- [Exercise] Reproduce this listing in full.

- [Data records]
_ _ _

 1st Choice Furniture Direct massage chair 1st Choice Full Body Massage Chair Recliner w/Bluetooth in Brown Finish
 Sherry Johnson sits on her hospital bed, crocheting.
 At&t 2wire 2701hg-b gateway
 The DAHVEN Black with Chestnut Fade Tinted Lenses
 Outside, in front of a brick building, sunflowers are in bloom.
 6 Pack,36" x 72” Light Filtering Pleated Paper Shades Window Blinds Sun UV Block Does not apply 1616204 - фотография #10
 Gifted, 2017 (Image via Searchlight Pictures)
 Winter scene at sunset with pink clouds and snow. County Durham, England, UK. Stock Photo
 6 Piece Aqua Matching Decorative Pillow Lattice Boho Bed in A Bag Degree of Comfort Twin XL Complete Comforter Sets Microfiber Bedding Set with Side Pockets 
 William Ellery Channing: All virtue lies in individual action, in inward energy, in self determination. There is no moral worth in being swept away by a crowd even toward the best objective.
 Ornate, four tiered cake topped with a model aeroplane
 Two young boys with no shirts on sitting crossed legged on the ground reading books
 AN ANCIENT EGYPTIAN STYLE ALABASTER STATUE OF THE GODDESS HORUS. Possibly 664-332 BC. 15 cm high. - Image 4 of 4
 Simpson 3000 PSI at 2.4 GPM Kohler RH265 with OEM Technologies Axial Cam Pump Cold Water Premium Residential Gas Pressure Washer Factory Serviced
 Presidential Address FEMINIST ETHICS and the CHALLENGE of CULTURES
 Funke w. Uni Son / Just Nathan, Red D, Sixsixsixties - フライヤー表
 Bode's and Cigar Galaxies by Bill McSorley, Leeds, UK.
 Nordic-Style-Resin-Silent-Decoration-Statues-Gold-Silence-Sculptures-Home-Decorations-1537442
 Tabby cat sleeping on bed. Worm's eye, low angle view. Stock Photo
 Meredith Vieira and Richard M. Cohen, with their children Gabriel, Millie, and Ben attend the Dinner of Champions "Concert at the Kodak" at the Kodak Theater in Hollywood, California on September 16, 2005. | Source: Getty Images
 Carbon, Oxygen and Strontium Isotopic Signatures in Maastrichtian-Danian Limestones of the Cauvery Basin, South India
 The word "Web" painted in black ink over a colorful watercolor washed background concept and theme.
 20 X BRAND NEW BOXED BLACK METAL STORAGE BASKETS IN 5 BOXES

_ _ _

- [Reply to the exercise]
 1st Choice Furniture Direct massage chair 1st Choice Full Body Massage Chair Recliner w/Bluetooth in Brown Finish
 Sherry Johnson sits on her hospital bed, crocheting.
 At&t 2wire 2701hg-b gateway
 The DAHVEN Black with Chestnut Fade Tinted Lenses
 Outside, in front of a brick building, sunflowers are in bloom.
 6 Pack,36" x 72” Light Filtering Pleated Paper Shades Window Blinds Sun UV Block Does not apply 1616204 - фотография #10
 Gifted, 2017 (Image via Searchlight Pictures)
 Winter scene at sunset with pink clouds and snow. County Durham, England, UK. Stock Photo
 6 Piece Aqua Matching Decorative Pillow Lattice Boho Bed in A Bag Degree of Comfort Twin XL Complete Comforter Sets Microfiber Bedding Set with Side Pockets 
 William Ellery Channing: All virtue lies in individual action, in inward energy, in self determination. There is no moral worth in being swept away by a crowd even toward the best objective.
 Ornate, four tiered cake topped with a model aeroplane
 Two young boys with no shirts on sitting crossed legged on the ground reading books
 AN ANCIENT EGYPTIAN STYLE ALABASTER STATUE OF THE GODDESS HORUS. Possibly 664-332 BC. 15 cm high. - Image 4 of 4
 Simpson 3000 PSI at 2.4 GPM Kohler RH265 with OEM Technologies Axial Cam Pump Cold Water Premium Residential Gas Pressure Washer Factory Serviced
 Presidential Address FEMINIST ETHICS and the CHALLENGE of CULTURES
 Funke w. Uni Son / Just Nathan, Red D, Sixsixsixties - フライヤー表
 Bode's and Cigar Galaxies by Bill McSorley, Leeds, UK.
 Nordic-Style-Resin-Silent-Decoration-Statues-Gold-Silence-Sculptures-Home-Decorations-1537442
 Tabby cat sleeping on bed. Worm's eye, low angle view. Stock Photo
 Meredith Vieira and Richard M. Cohen, with their children Gabriel, Millie, and Ben attend the Dinner of Champions "Concert at the Kodak" at the Kodak Theater in Hollywood, California on September 16, 2005. | Source: Getty Images
 Carbon, Oxygen and Strontium Isotopic Signatures in Maastrichtian-Danian Limestones of the Cauvery Basin, South India
 The word "Web" painted in black ink over a colorful watercolor washed background concept and theme.
 20 X BRAND NEW BOXED BLACK METAL STORAGE BASKETS IN 5 BOXES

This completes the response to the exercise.